Effect of granulocyte-macrophage colony-stimulating factor inducer on left ventricular remodeling after acute myocardial infarction

OBJECTIVES We sought to determine the influence of granulocyte-macrophage colony-stimulating factor (GM-CSF) induction on post-myocardial infarction (MI) remodeling, especially in relation to the inflammatory response and myocardial fibrosis. BACKGROUND Granulocyte-macrophage colony-stimulating factor modifies wound healing by promoting monocytopoiesis and infiltration of monocytes and macrophages into injured tissue; however, the effect of GM-CSF induction on the infarct healing process and myocardial fibrosis is unclear. METHODS A model of MI was produced in Wistar rats by ligation of the left coronary artery. The MI animals were randomized to receive GM-CSF inducer (romurtide 200 mug/kg/day for 7 consecutive days) (MI/Ro) or saline (MI/C). RESULTS Echocardiographic and hemodynamic studies on day 14 revealed increased left ventricular (LV) end-diastolic dimension, decreased fractional shortening, elevated LV end-diastolic pressure, and decreased LV maximum rate of isovolumic pressure development in MI/Ro compared with MI/C. Immunoblotting showed that expression of transforming growth factor (TGF)-betal in the infarcted site on day 3 after MI was decreased in MI/Ro compared with MI/C. In the infarcted site, TGF-beta1, collagen type I and type III messenger ribonucleic acid (mRNA) expression on day 3, and collagen content on day 7 were reduced in MI/Ro compared with MI/C, in association with marked infarct expansion.

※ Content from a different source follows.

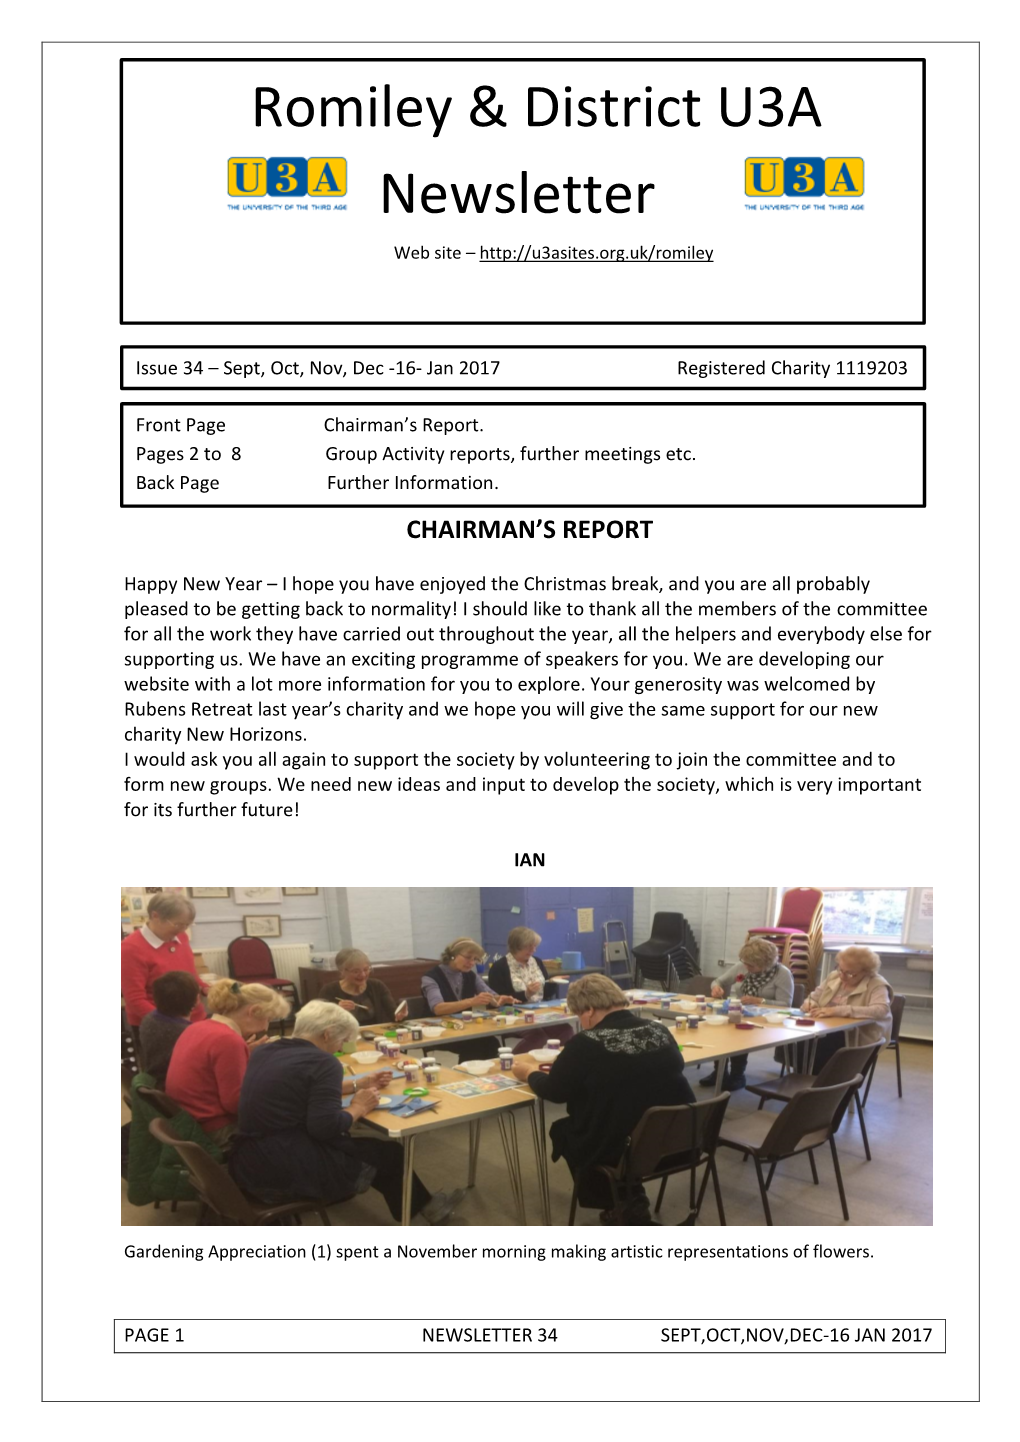 Romiley & District U3A Newsletter

In MI/Ro, monocyte chemoattractant protein-1 mRNA level and the degree of infiltration of monocyte-derived macrophages (ED-1-positive) were greater in the infarcted site on day 7 than those in MI/C. CONCLUSIONS The GM-CSF induction by romurtide facilitated infarct expansion in association with the promotion of monocyte recruitment and inappropriate collagen synthesis in the infarcted region during the early phase of MI. (J Am Coll Cardiol 2004;44:1510-20) (C) 2004 by the American College of Cardiology Foundation.